This has been a theme in Luke Ruot's life in broadcast and it may be even more of a mantra now as he enters this year's high school sports season as the founder and owner of Stream TV, a Titusville based broadcast network using the internet to get stories out. With virtually spectator - less school sports about to kick into gear it would seem business would be booming for Stream TV, which provides a professional viewing experience for high school sports with play-by-play and color commentary, but that doesn't appear to be true.
Though Ruot says he is doing fine, he has actually lost a little business after a national company was suggested to local schools by the PIAA for their no attendance policy solution. One school that Stream TV covered last year has opted for the national chain option leaving Ruot with a closet full of gear.

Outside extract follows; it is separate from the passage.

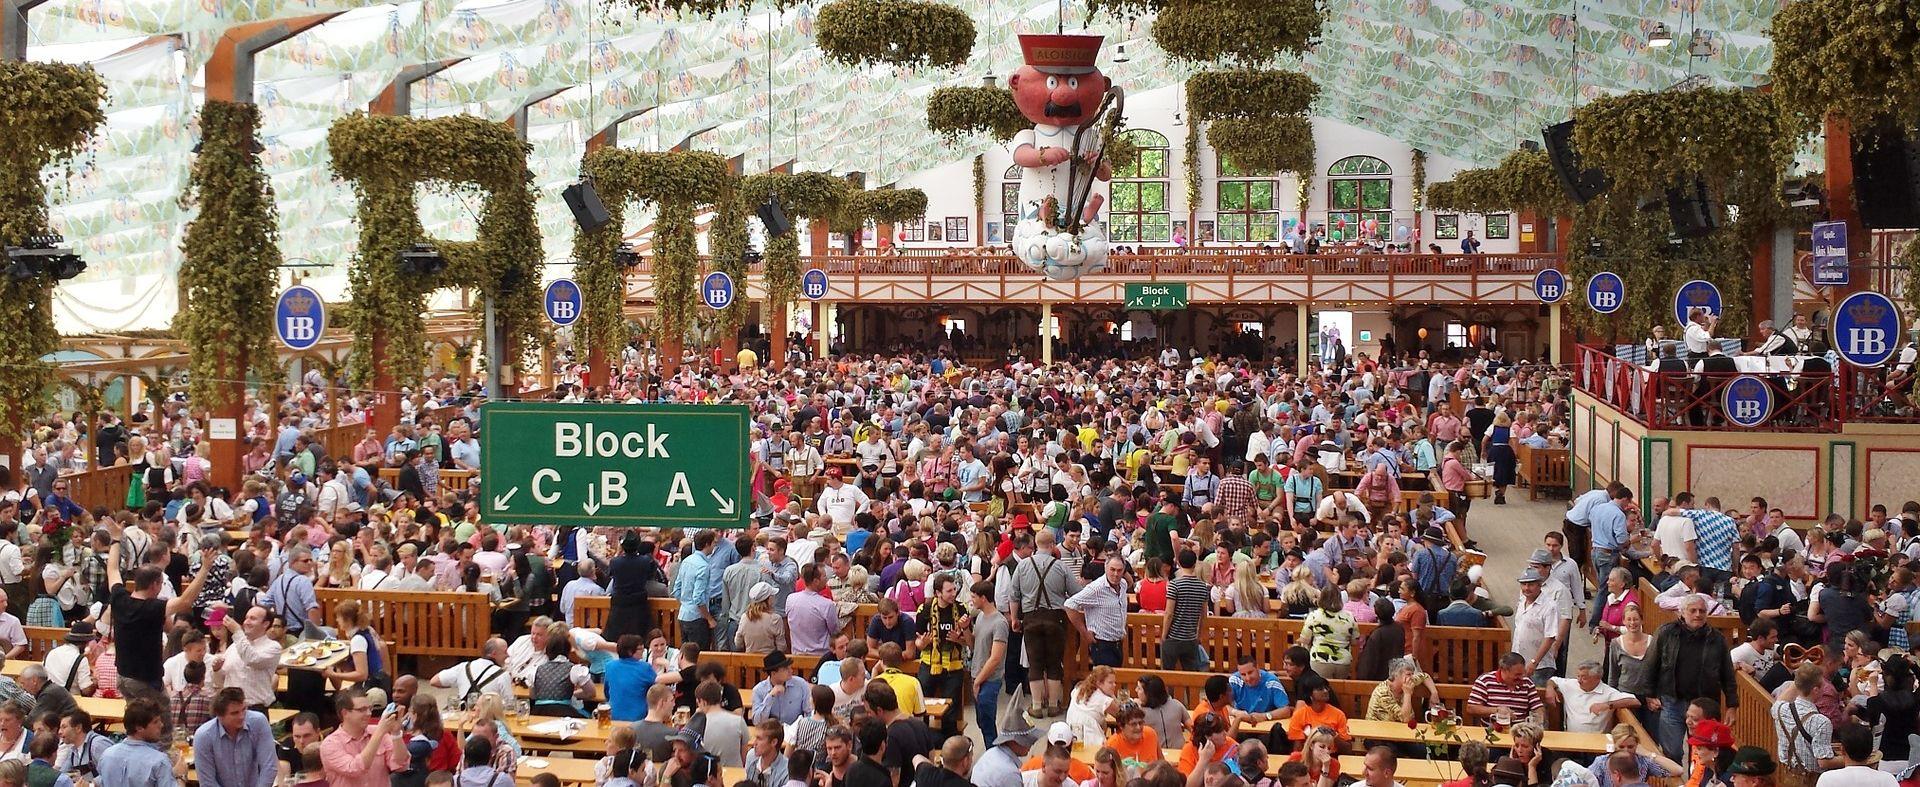 HLADNO VRIJEME, KIŠA, IZBJEGLICE… Ove godine znatno opao broj posjetitelja Oktoberfesta

"I thought about selling it," he said but wasn't sure what this national company was offering. So he said he'll hold on to it for now to see what might come down the pike. Ruot says he tries to give an NFL style program but understands his limitations. But with multiple camera angles and the broadcasters talking about the game offering insights, the experience is much more than a camera from the press box simply just pointing at the field.
To him, the community deserves the best he can offer.
Ruot was a kid really, working in radio, when he got started. He had a voice, a gift for gab and a love for the community. But radio was changing. TV was changing. Newspapers were changing. This thing called the internet was... well... no one really knew what it was.
Ruot recalls someone mentioning a Sony camera and the internet and he should learn what the hell it is and how to use it. And then own it. He listened to this advice.
That was a long time ago, but it was a game changer for him. And Rout is still finding a way to keep this notion afloat and moving down stream (pun intended) as he grows a little more each year.
Ruot is growing his local presence from his hometown of Titusville to Oil City, Meadville and hopefully soon, Franklin. He covers local government news, feature stories and high school sports. Ruot and the Stream TV broadcasts are reaching into local homes by the thousands.
"We have fun," he says about covering local high school sports while watching a recording of last year's Tiusville versus Girard game in his office. All the broadcasts can be watched over and over again.
Currently Titusville is the only school on board with Stream TV this season. This service he provides to the school's for free because he does the leg work to get advertisers and sponsors which pay for the service. He produces commercials and pops logos of local businesses on the screen during the broadcasts just like any TV station does. It's been a source local businesses to get their word out as well.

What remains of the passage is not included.